Ashoka: Sheffield’s most famous Indian restaurant continues to deliver

Delighting Sheffielders with their incomparable brand of ‘reyt good curreh’ since 1967, it’s safe to say that Ashoka cemented its place in the Steel City foodie hall of fame some time ago. However, if you’re wondering whether this may leave opportunity for complacency on the famous restaurant’s part, then think again; the Eccy Road favourite is still very much at the top of its game when it comes to the quality, service and quirks that has made it a household name up this neck of the woods.

A winning ability to blend the modern with the traditional is reflected both on their menu and in their intimate, stylish restaurant space inspired by the Irani cafes of Mumbai. Taking our seats one bustling evening – it always seems to have the right level of atmosphere: lively enough to set a spirited tone, but never over-boisterous – my partner and I were instantly attended to with drinks, two crisp Cobras, followed by a traditional pickle tray, as we set about ordering starters of the Henderson’s House Puri (tasty small spiced potato cubes mixed tossed with Hendo’s and coriander, served in crispy puri bread) and onion bhajis before turning our attention to the mains.

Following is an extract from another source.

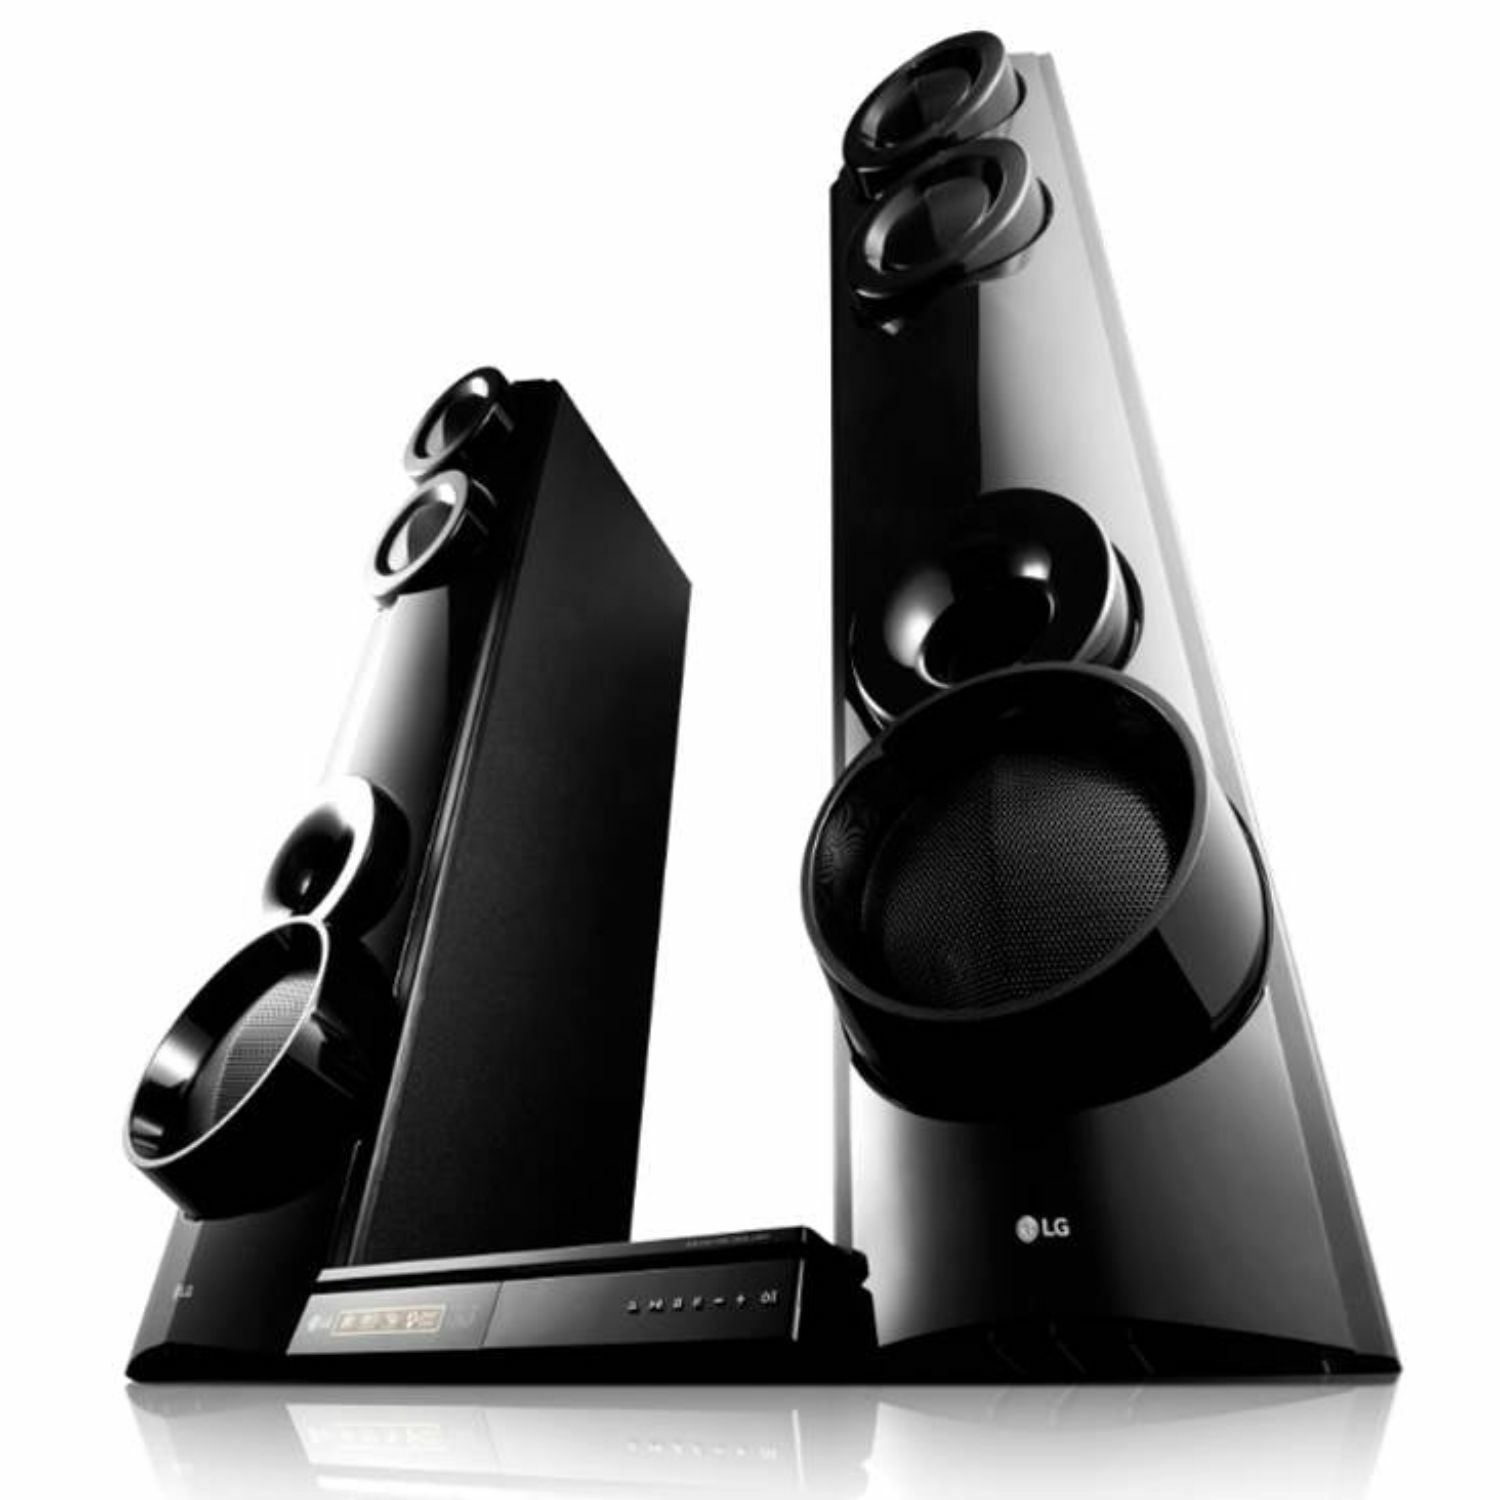 LG 3D-Capable 1000W 4.2ch Blu-ray Disc Home Theater System - Black - image 1 of 5

Inspired by India, made in Sheffield: The vibrant curry house guarantees a good atmosphere, particularly on weekends, and a menu blending the traditional with a few modern, local flavours.

I needn’t have looked. Due to lockdown and a brief move away from the city, it had been over two years since I’d tried the hallowed Taxi Driver Curry, a dish made for and named after a local cabby who kept coming back for more. And it’s no surprise he couldn’t get enough – it remains an incredibly satisfying dish of minced lamb and smoky chicken tikka, supplemented with a rewarding hit of garlic and chilli. My partner went for the Makhan-Wallah, a velvety, cashew nut-laden curry also served with succulent pieces of chicken tikka and swiftly pronounced sumptuous.

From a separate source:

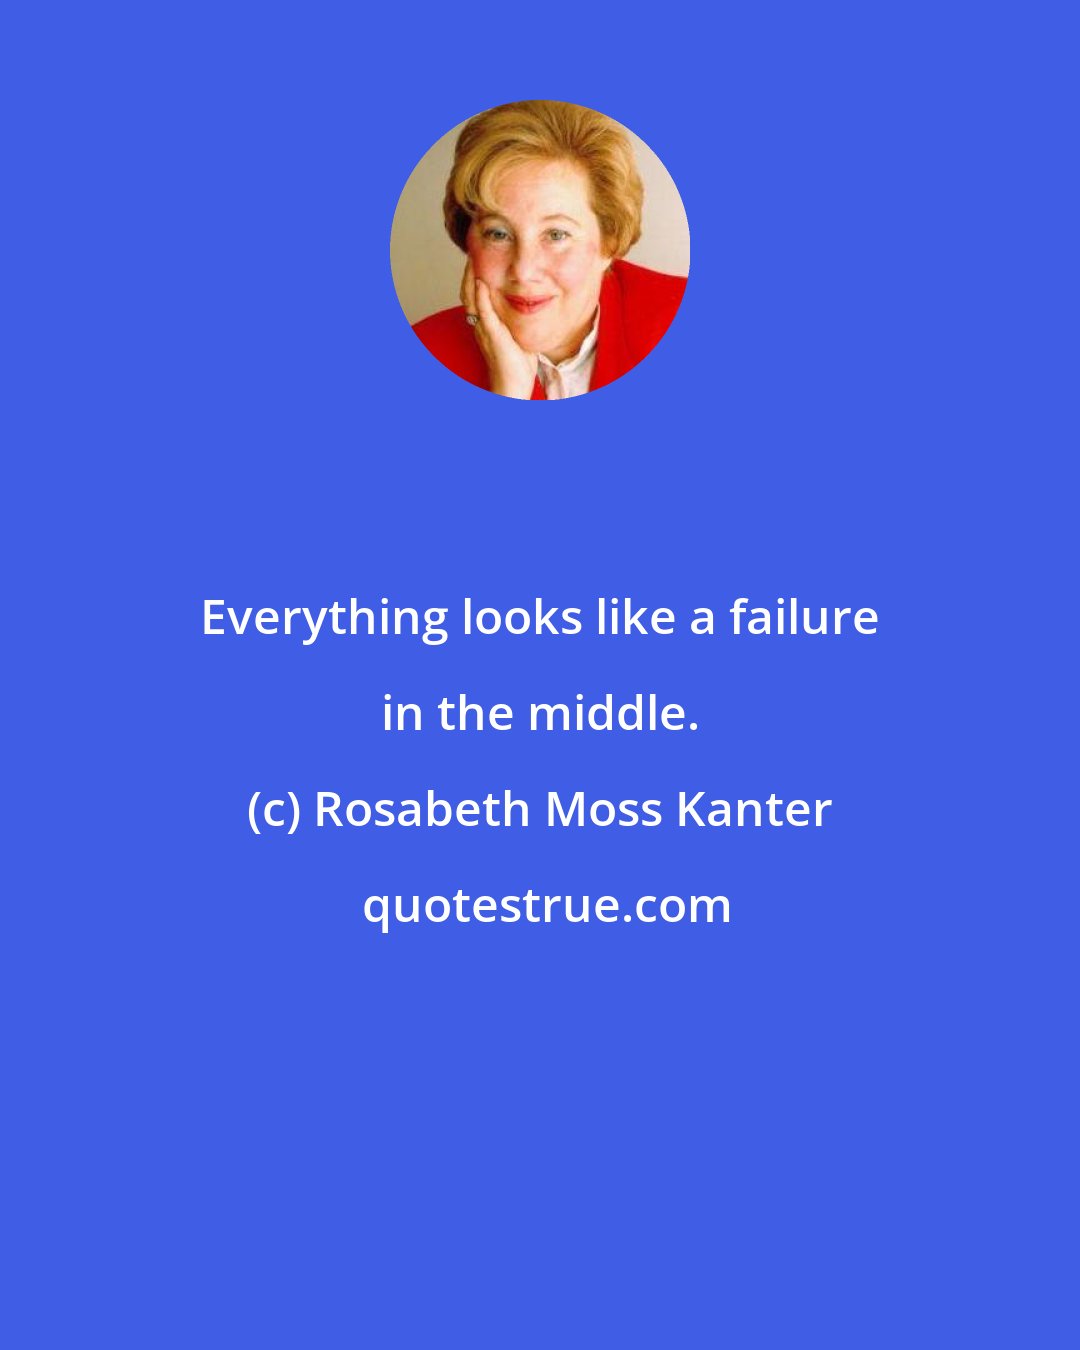 Rosabeth Moss Kanter: Everything looks like a failure in the middle.

Second to Naan: Karai, kashmiri and biryani jostle for attention on the menu alongside lamb chops, a wide selection of lamb/chicken/veggie curries and beautiful butter naans from the traditional charcoal tandoor. Exposed opted for the famed Taxi Driver curry alongside a rich, creamy Makhan-Wallah.

As ever, we over-indulged on the gorgeous mains, not a morsel spared of naan or rice either, which meant we could barely see off our final round of Cobras, and the traditional Indian biscuits bestowed upon us (again, those little quirks) would have to be saved for  our cuppas the following day. 50+ years of reyt good curreh, then, and absolutely no sign of slowing down. We all deserve a post-lockdown treat and I will guarantee Sheffield’s finest Indian restaurant won’t disappoint.

The Taxi Driver: Still a certified banger, but just one of many highlights on an innovative menu.